RE: IRI/URI Canonicalization does not address IRIs with IDNs

Hi all,

As per Jeremy's suggestion, I believe that the POWDER WG should follow
I18N guidelines on referencing IRIs within a POWDER document. The goal
is that a description can be assigned to a URI/IRI scope, without
risking ambiguity. It appears that homographs in IRIs[1] may introduce
such ambiguity. 

I suggest we specify that the POWDER author uses the UTF-8 encoded IRI,
and that it is the responsibility of the POWDER processor to normalise
the resource IRI so that it can be determined if it falls withing the
scope of the resource set. 

Cheers,
Kevin

[1]
http://en.wikipedia.org/wiki/IDN_homograph_attack#Homographs_in_internat
ionalized_domain_names



-----Original Message-----
From: public-powderwg-request@w3.org
[mailto:public-powderwg-request@w3.org] On Behalf Of Jeremy Carroll
Sent: 14 February 2008 17:25
To: public-powderwg@w3.org
Cc: public-i18n-core@w3.org
Subject: Re:IRI/URI Canonicalization does not address IRIs with IDNs



Eric said:
[[
  I've never
implemented Unicode normalization, but I expect it's not trivial.
]]

You can use a third party library, e.g. IBM's icu library.
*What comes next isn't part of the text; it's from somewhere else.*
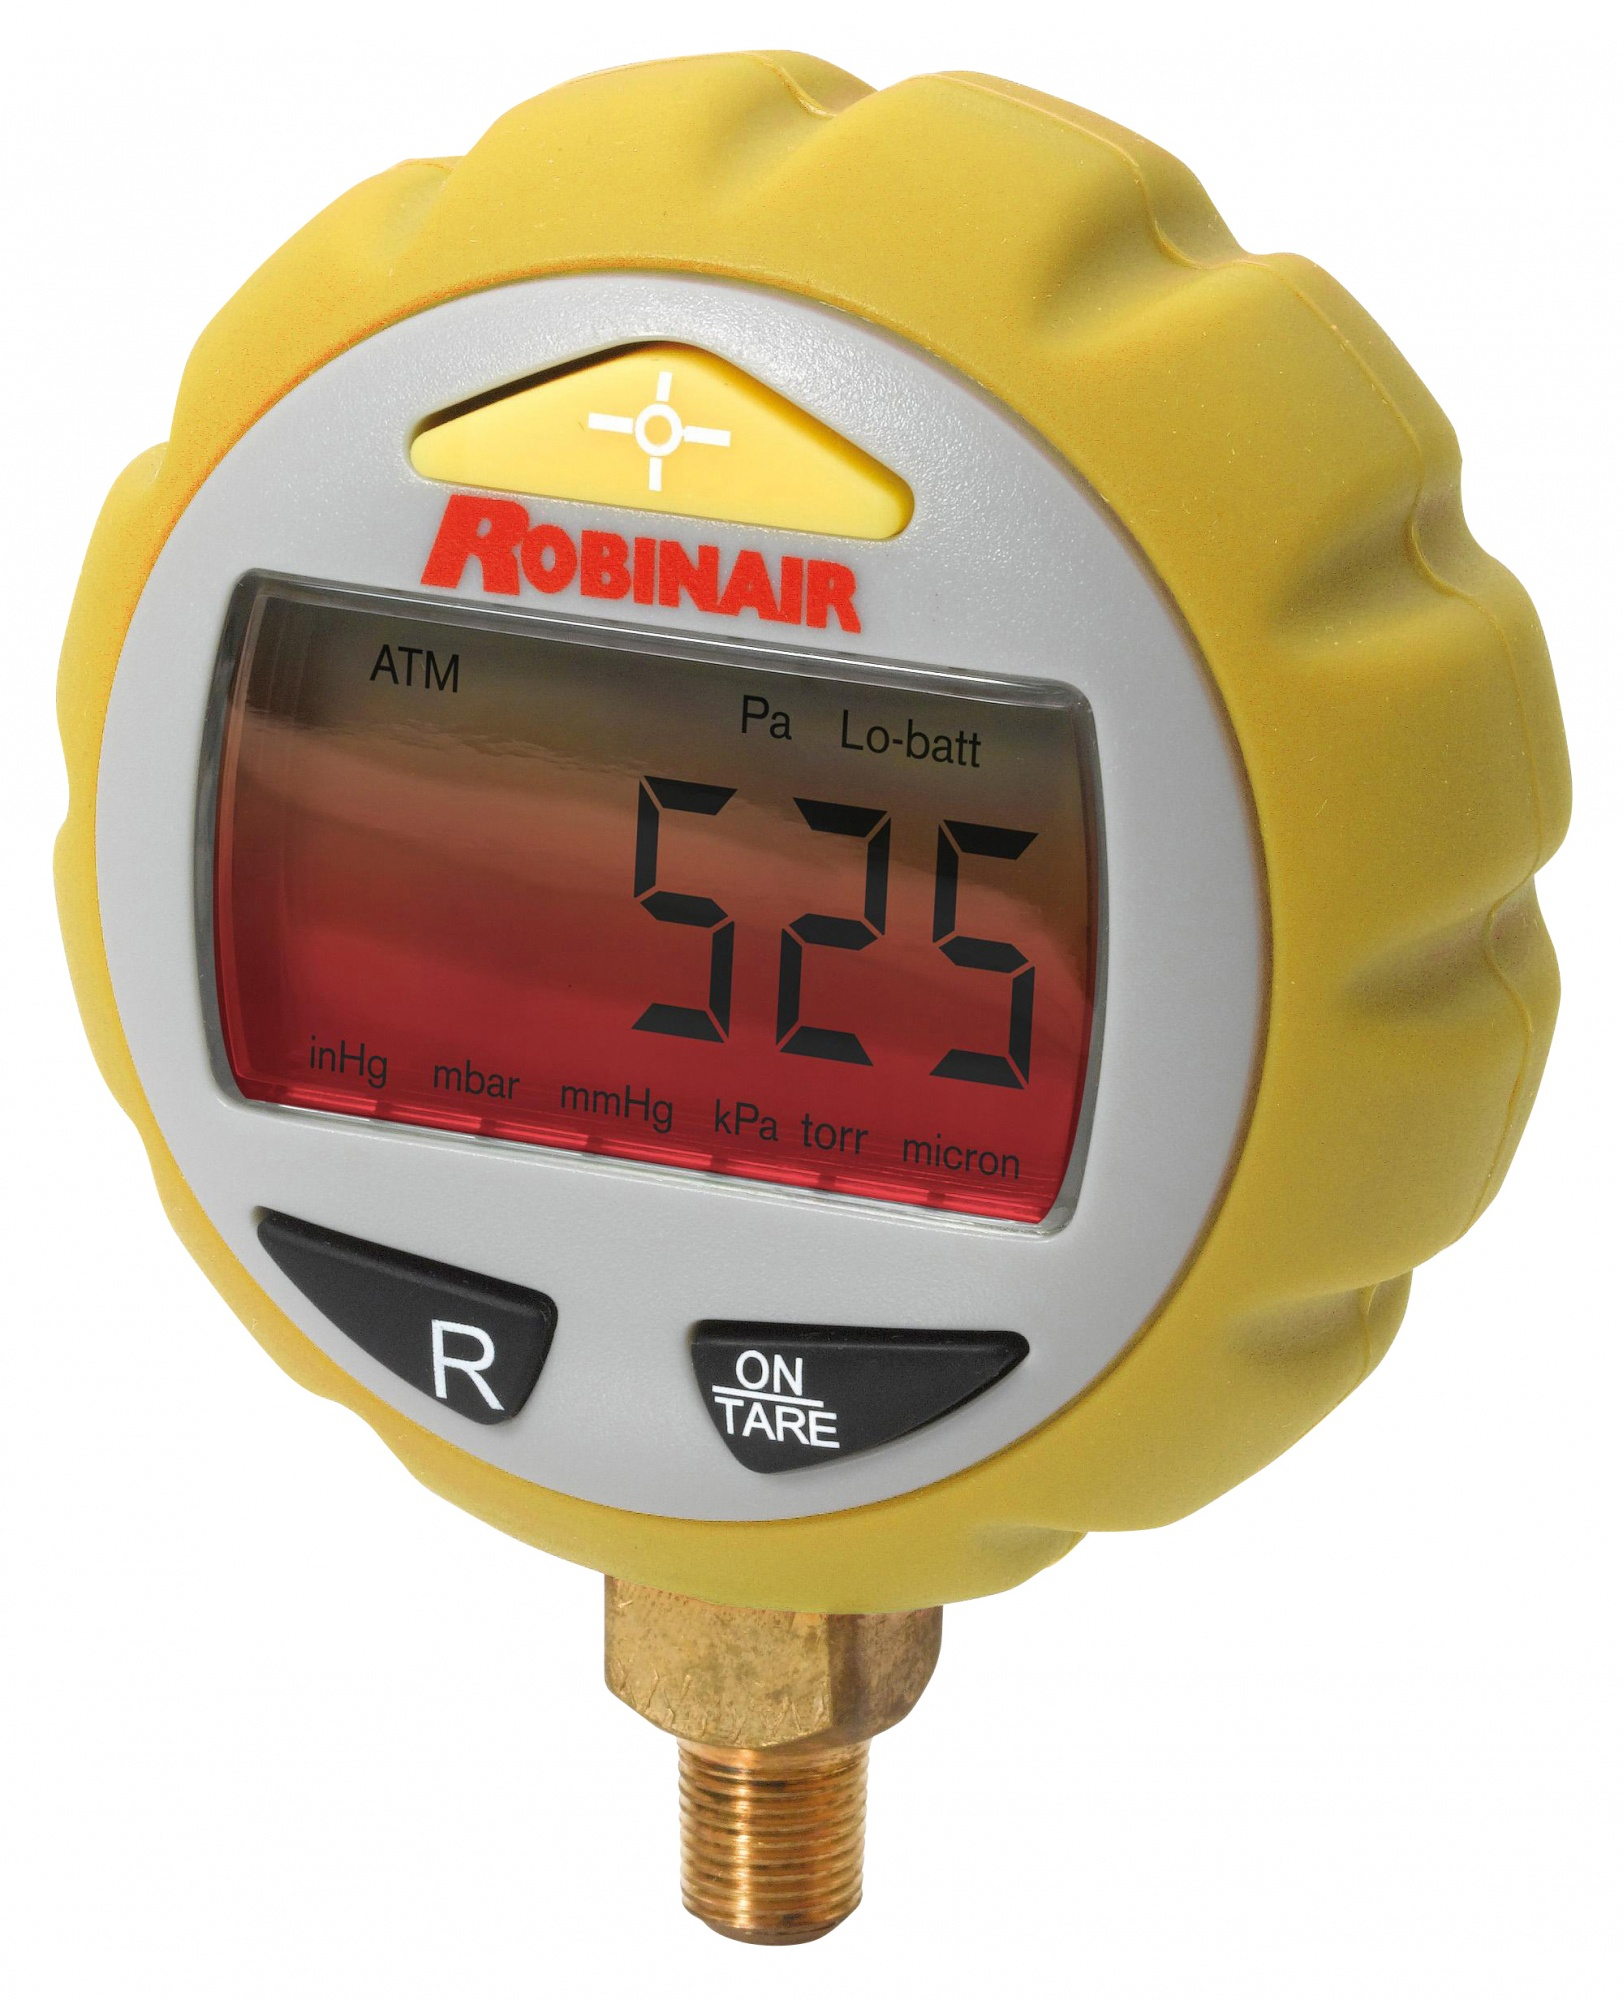 Robinair TIF785 Phototachometer
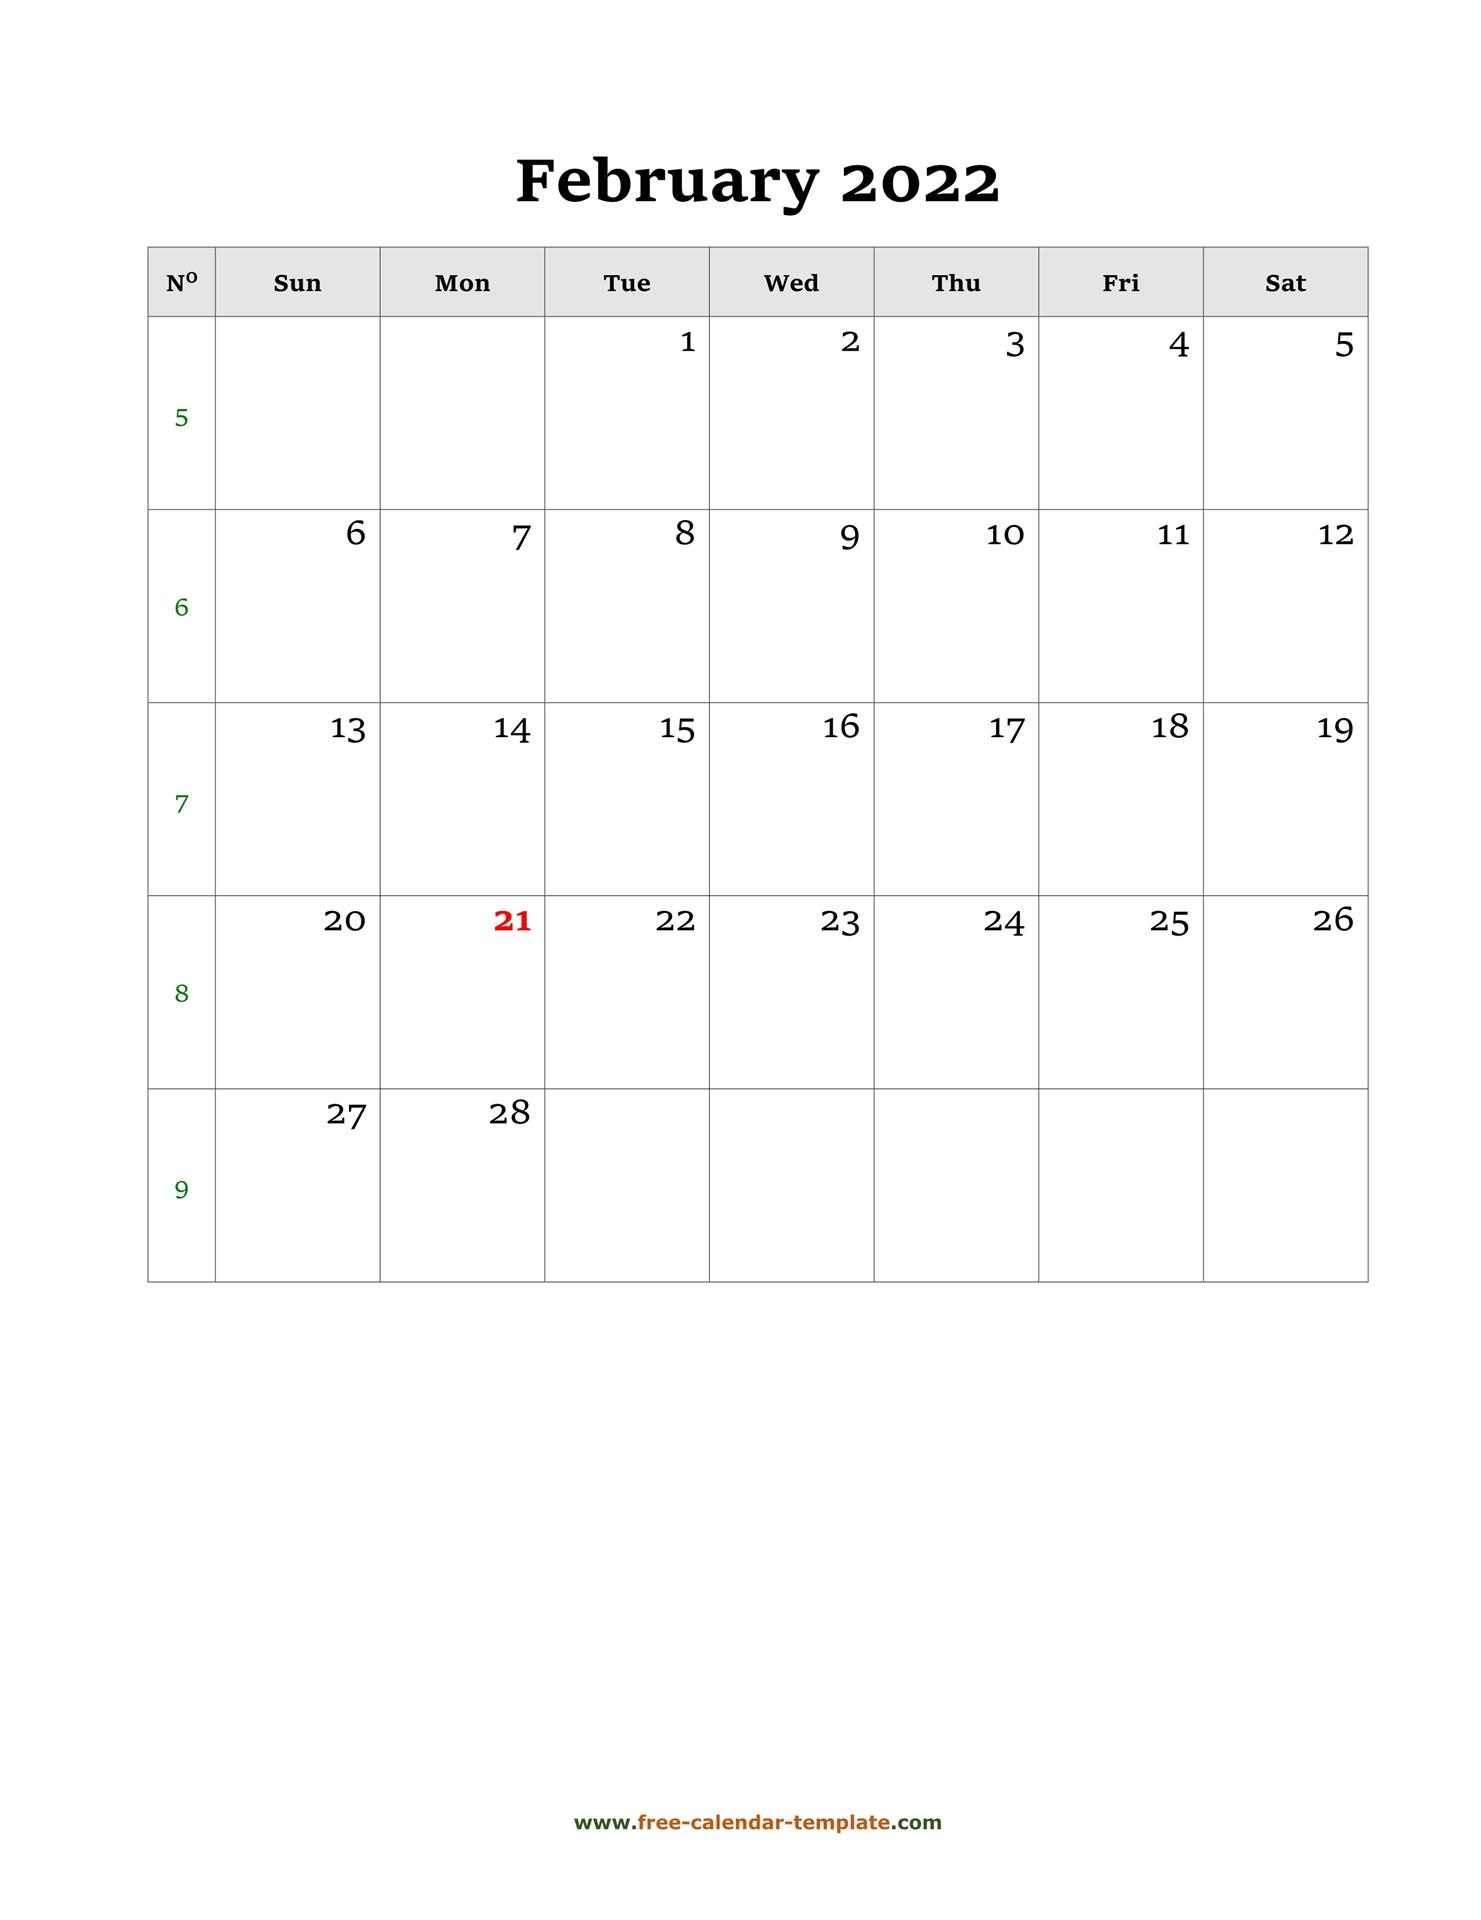 February 2022 Free Calendar Tempplate | Free-Calendar for Free Printable Calendar Templates February 2022

It is then quite straightforward.

The icu4j library is fairly large, and I believe larger than needed for
this problem (since it solves most other I18N problems too). But, I
don't think this is really a problem in practice.

I would urge the group to specify the right thing, whatever that is, and
not be too concerned about the detail here.

I believe that fairly soon most Web addresses will have IDNs.

Jeremy

Received on Friday, 15 February 2008 13:46:38 UTC